1. The astronaut orbiting the Earth in Figure P4.30 is preparing to dock with a Westar VI satellite. The satellite is in a circular orbit 600 km above the Earth's surface, where the free-fall acceleration is 8.21 m/s2. The radius of the Earth is 6400 km.
a) Determine the speed of the satellite. m/s
b) Determine the time required to complete one orbit around the Earth. min


2. Homework Equations [/b]
centripetal acceleration= v squared/ radius
distance*speed= time


3. The Attempt at a Solution [/b]
To solve for the speed I used 8.21 as the centripetal acceleration and made that equal to v squared/7000 and then solved for v.

8.21=v squared/7000
v= 239 m/s

I then took 14000*3.14 for the circumference of the orbit and multiplied that by 239 m/s for the total time to orbit and divided that by 60 to put the answer in minutes.
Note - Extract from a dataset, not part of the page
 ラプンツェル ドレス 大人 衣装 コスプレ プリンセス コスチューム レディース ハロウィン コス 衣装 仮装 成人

I got 2919.94 minutes.

However, both answers are wrong. Can I not use the free fall acceleration for centripetal acceleration?

 

[cepheid]

Welcome to PF,

I then took 14000*3.14 for the circumference of the orbit and multiplied that by 239 m/s for the total time to orbit

Are you trying to claim that distance*speed = time? You might want to rethink that one...

 

[cepheid]

However, both answers are wrong. Can I not use the free fall acceleration for centripetal acceleration?
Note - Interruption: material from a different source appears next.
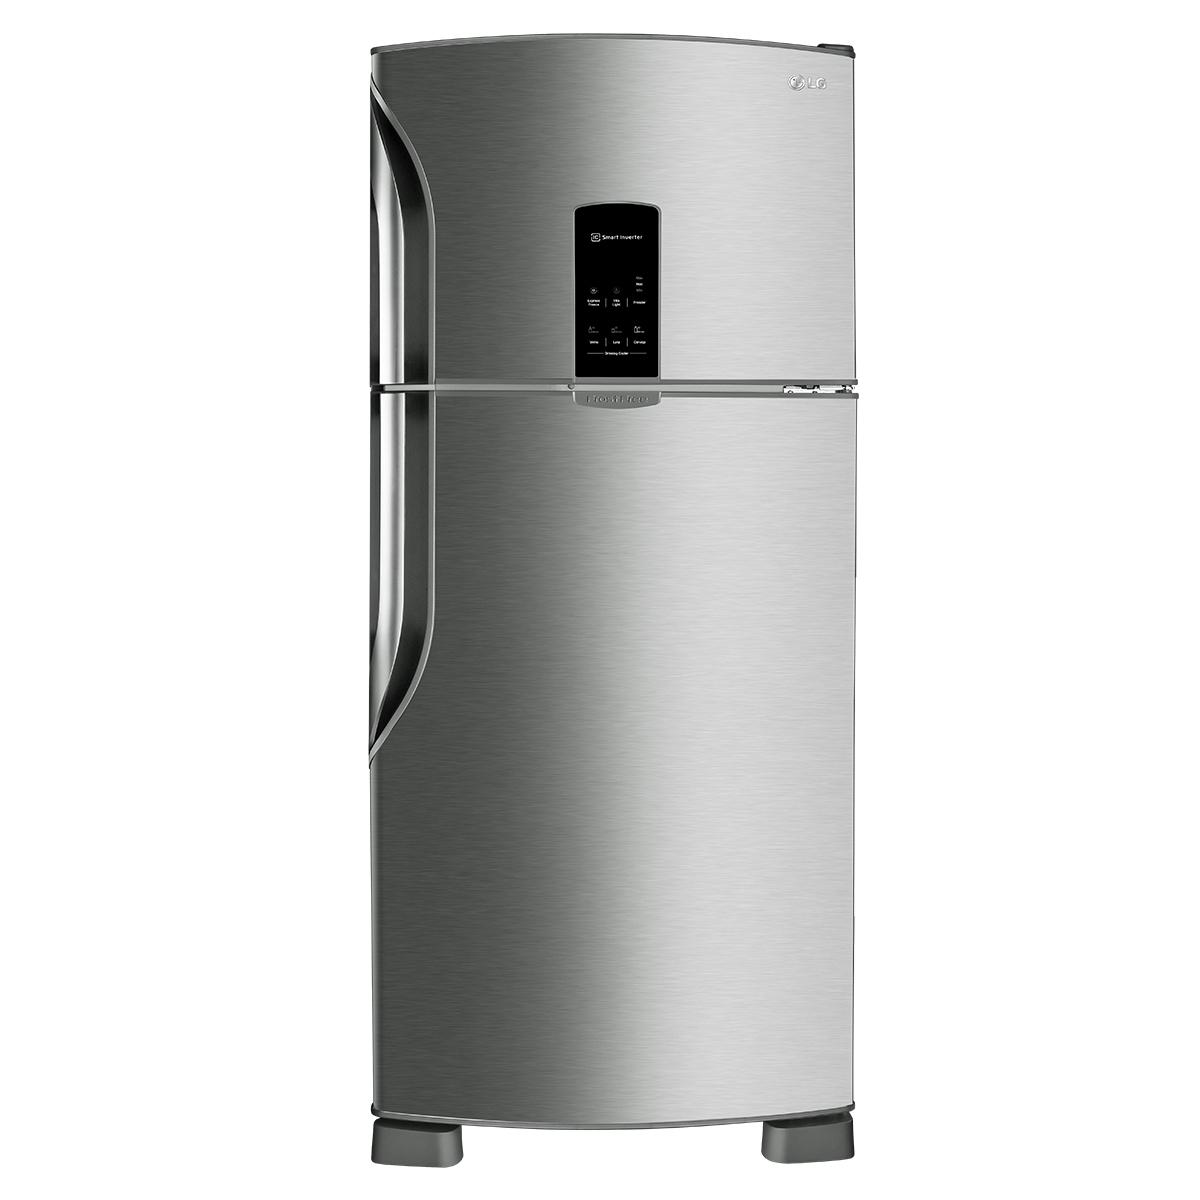 CLIQUE ➤➤ Geladeira LG Frost Free Top Freezer 2 Portas Fresh & Light GT44 435 Litros Inox 110V   oferta com preço barato em Promoção no site de loja

Yes, you can, and you should, because gravity is what is providing the centripetal force that keeps the satellite moving in a circle. You might have a computation error. Can you post your calculations for part a?

 

[chihockey7]

for part a I used the equation centripetal acceleration= v^2/ radius

8.21= v^2/(6400+600)
57470=v^2
v= 239.73

what is wrong with this calculation?

Concerning finding the time. I completely forgot that t=distance/speed.

 

[chihockey7]

I just realized my problem. I did not do the simple unit conversions from km to m. Everything worked out fine. Thanks for all of your help!